Max adjusted the cap, making his forehead itch. The rucksack was uncomfortable and the straps kept trying to work their way off his shoulders as they approached the apartment building. It felt strange to be walking down a mundane street without the flap of his raincoat around his knees.
“You know, you look like someone in disguise,” Sam said. “I thought you were like a detective. Surely you know how to be under cover.”
“I’m an Arbiter, I don’t normally hide in the line of my work. In fact it’s usually the opposite.”
“So you just dress like a private detective, rather than being one?”
“I wear what I feel comfortable in, and what’s acceptable in public.”
“Don’t take this the wrong way,” Sam said as they reached the lobby, “but have you seen any men wearing a fedora on the way here?”
“I wear a trilby.”
“Whatever, have you?”
“I can’t say that I have.”
“That’s because men stopped wearing them over fifty years ago. Sorry, but when you walk down the street, you look weird.”
Max mulled this over as they crossed the lobby. He was used to innocents staring at him but he’d always assumed it was because of his unpleasant face and total lack of emotion. The possibility that it was because his clothes were out of fashion was revelatory. He wondered what the gargoyle would have to say about it when he got back to the Sorcerer’s house. It seemed to have an opinion on everything these days.
Now wasn’t the time to focus on his sense of fashion or lack thereof. He needed to identify what had caused Sam to disappear from Ekstrand’s tracking bug. When he’d reported that the cause seemed to be the wife’s apartment, Ekstrand speculated whether the wife was connected with the Sorcerer of Essex, whose wards could block the tracer. With the corruption in London, and their suspicion that the Sorcerer of Essex was behind the murder of the Bath Chapter, it was of the highest priority to investigate.
He looked around the lobby as Sam wished the concierge good morning. The apartment building was modern and the security was good. The lift felt smooth and reliable as it carried them upwards.
“There’s no chance your wife will come home whilst we’re here?” Max asked once more.
“She’s at work, I checked again this morning. She won’t be home until tonight.” Sam leaned against the lift wall, hands in pockets. “This feels weird though, like I’m breaking into my wife’s home.”
“I thought you had a key. The concierge recognised you.”
“I do. She doesn’t know I’m here though. Oh shit, the concierge will tell her.”
“Tell him not to mention it to her because you’re organising a surprise.”
“Good idea,” Sam said, jangling the coins in his pockets with nervous energy. “You know I’m probably going to lose my job because of all of this crap?”
“If another agency is interfering with your wife, surely that’s more important to you?”
Sam nodded. “Yeah.”
The lift doors opened and the first thing Max saw was the copper detailing. He’d never say he was a man of instinct – it wasn’t a quality associated with having a dislocated soul – but he did have a good eye for the unusual.

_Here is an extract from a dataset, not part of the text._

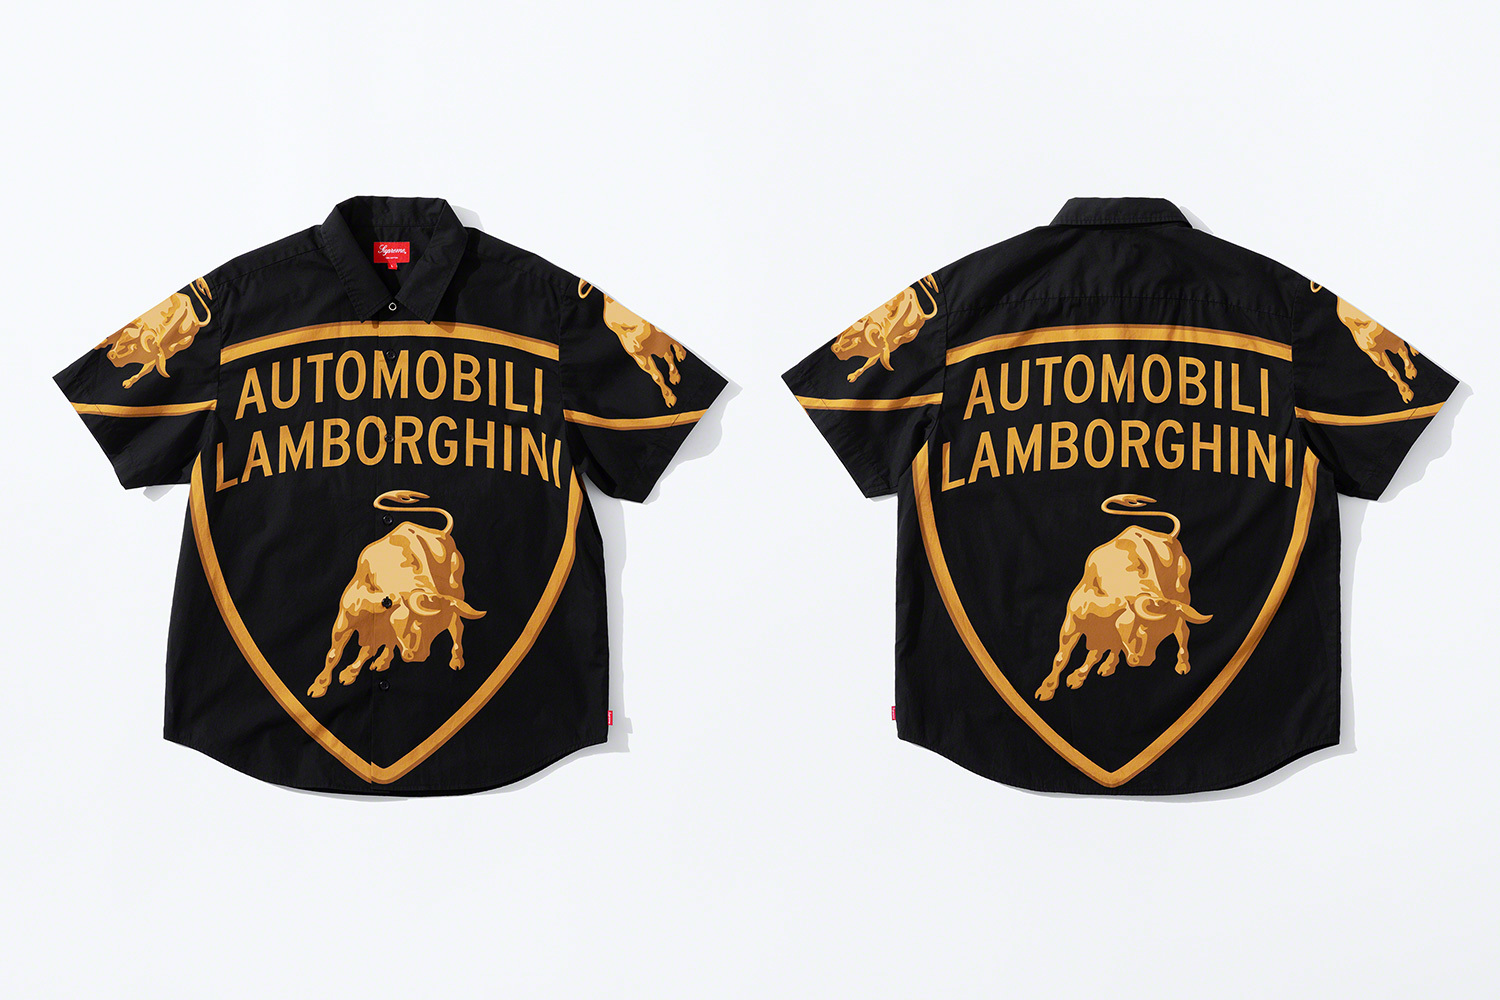 Hype Driving: Supreme®X Automobili Lamborghini Collection Is Here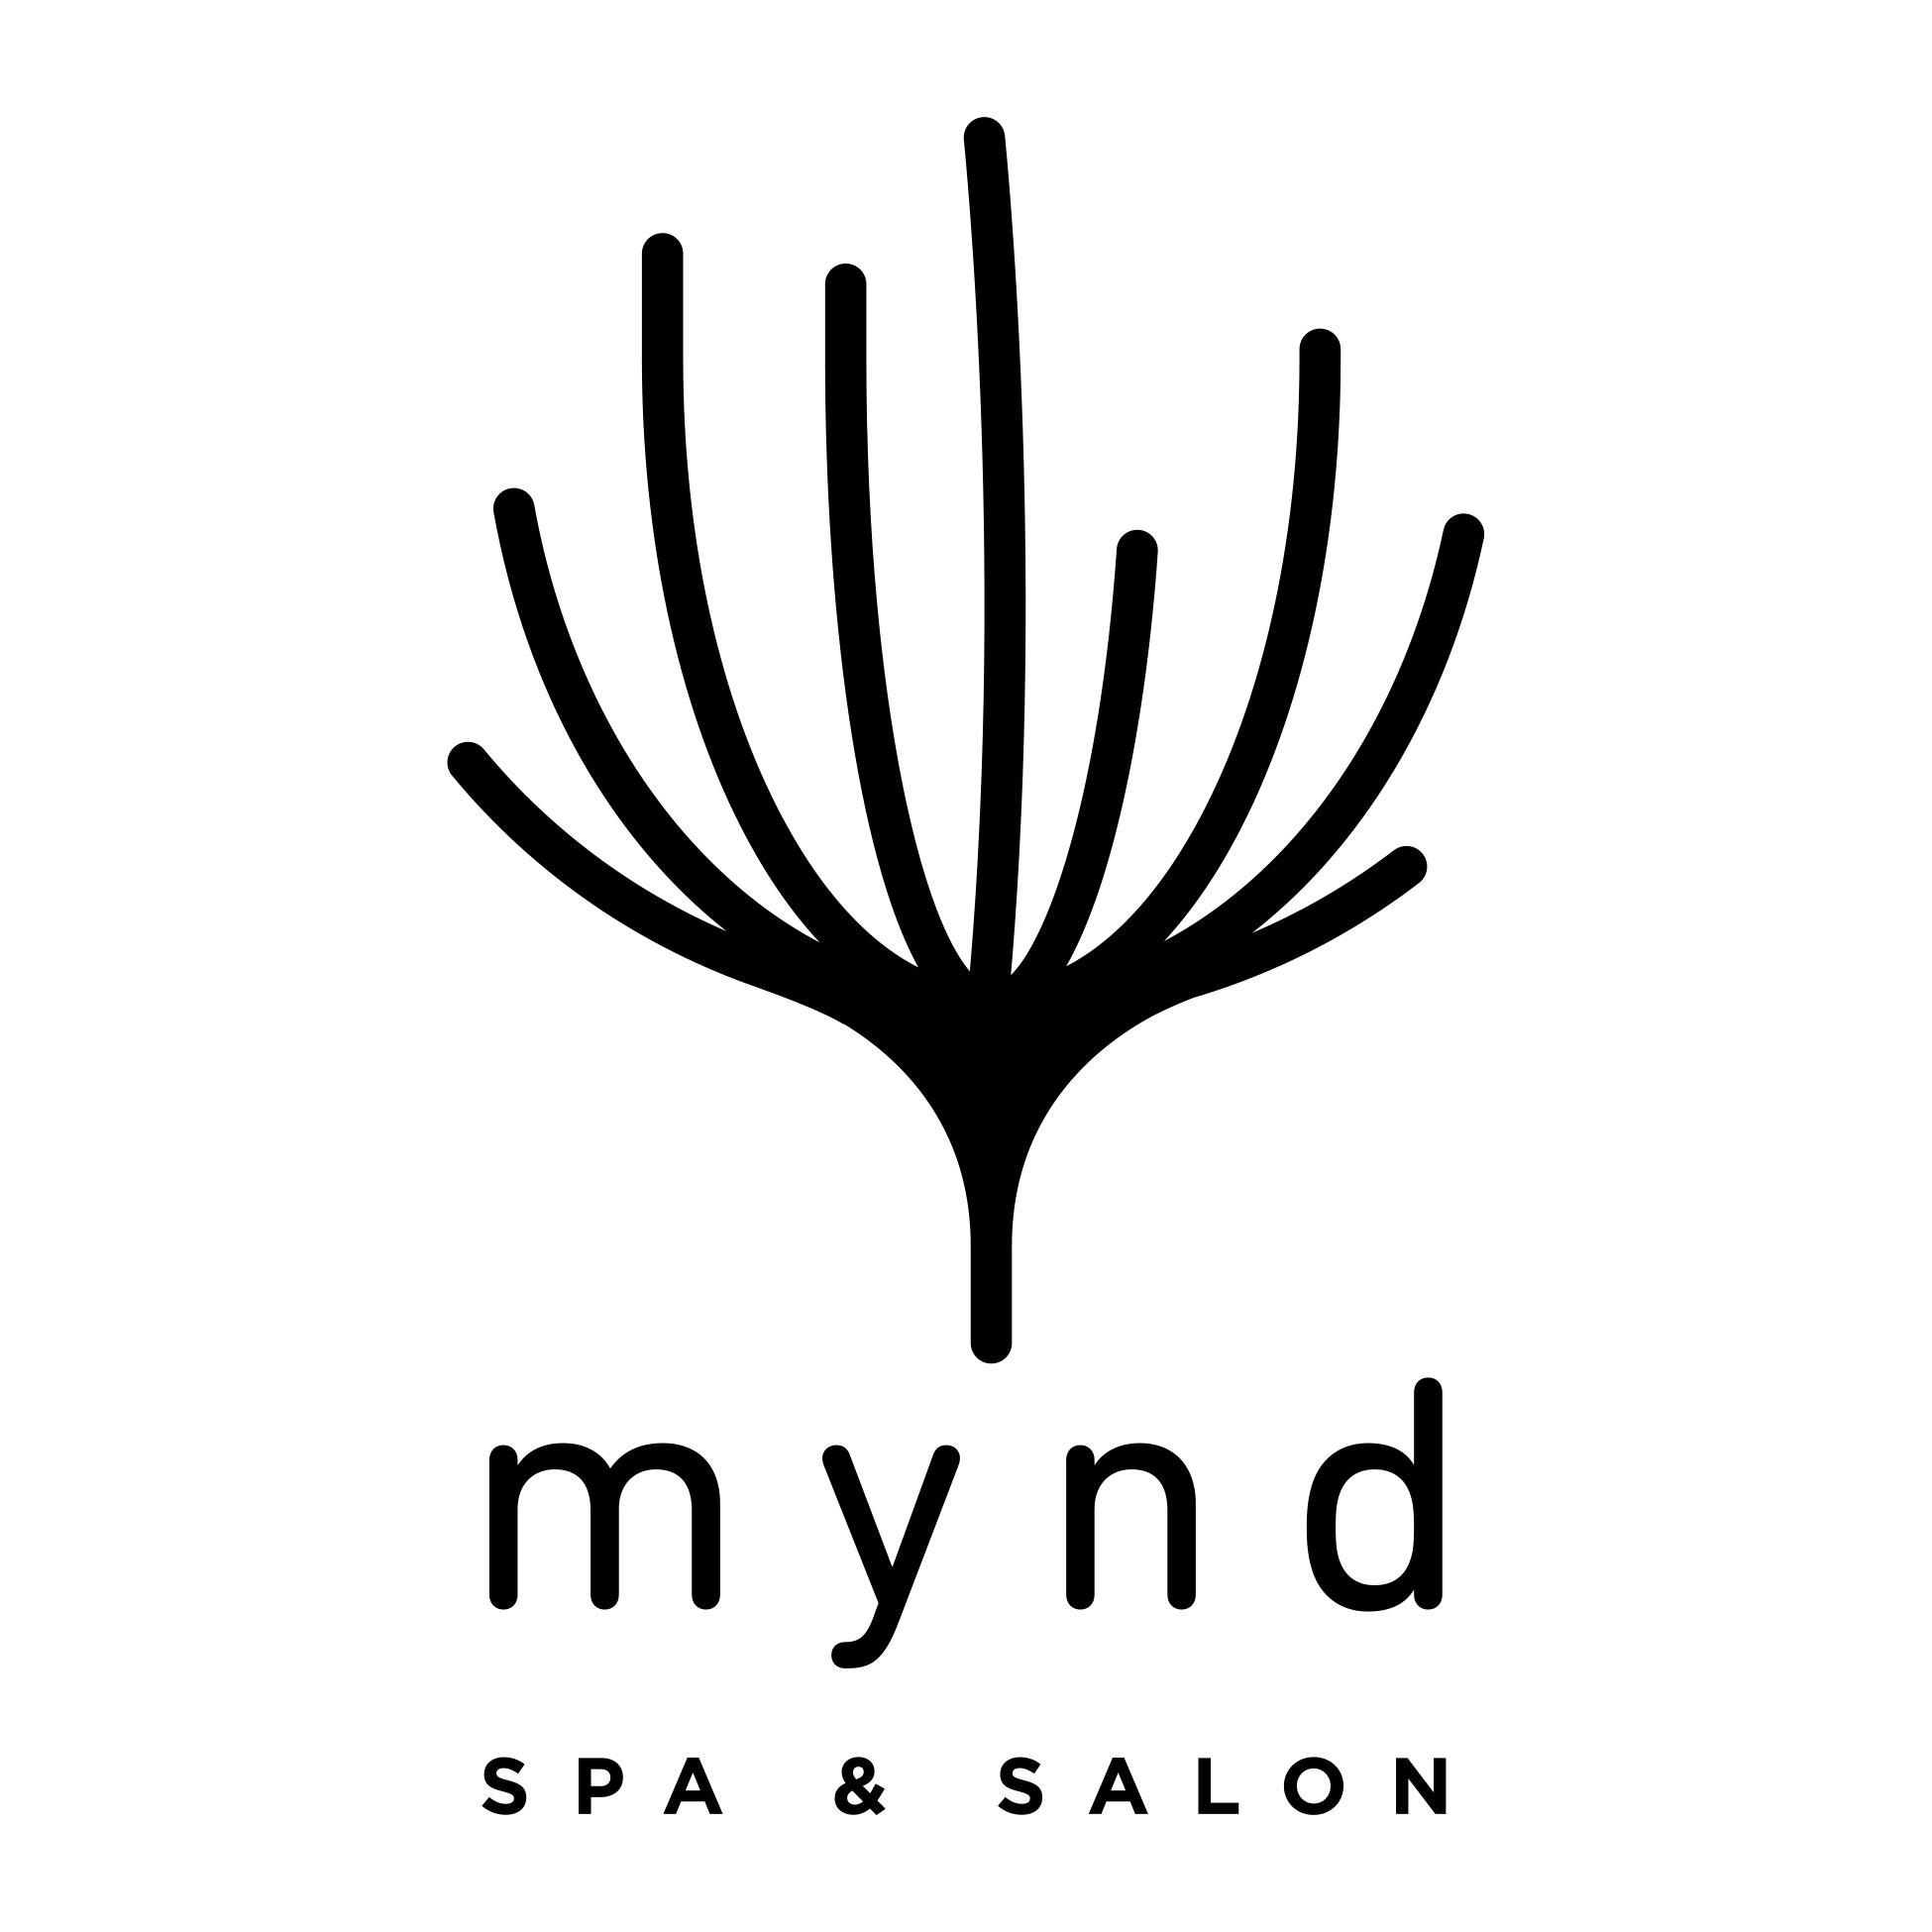 Mynd Spa & Salon

He checked for residents as he stepped out. The brightly lit corridor was empty. He examined the nearest strip of copper running parallel to the floor like a dado rail. A scrape with his thumbnail revealed it was only copper plated, with a thin layer of lacquer to prevent verdigris, covering a different metal underneath.
“Which is your wife’s apartment?” Sam pointed and Max followed him to the door.
“What do you think of the décor?” Sam pointed at the stylised horseshoe, pulling a face. “I’m not sure I like it.”
Max examined it and verified it had the same copper covering as the rail. “I think it’s very interesting.”
They went inside. “I’ve got to make a couple of phone calls,” Sam said, heading towards the living room and its light at the end of the corridor. “My boss will be in the office by now.”
Max observed the continuation of the décor in the apartment and how the bands of metal crossed the door with only a millimetre’s gap where it sat flush in the frame. Taking out his knuckle-duster, he reached up and scored into the plaster work near the top. As he’d suspected, there was a strip of metal sunk into the wall and covered over, meaning the metal continued unbroken around the doorway and down the other side of the hallway.
He confirmed it was present in all the rooms as he listened to Sam stumbling over an excuse to his boss. In the bedroom Max noted a large metal light-fitting hanging over the bed and suspected it was connected to the rest of the metal.
Max switched on the light, moved behind the bedroom door to a place where the rail wouldn’t be in constant view and scratched the layer of copper and lacquer off a small section. He rummaged in his backpack – it was hard to find his tools when they weren’t in the correct pockets on his person – and found his mini-screwdriver kit. The magnetised tip was enough to confirm his suspicion that iron lay underneath the copper.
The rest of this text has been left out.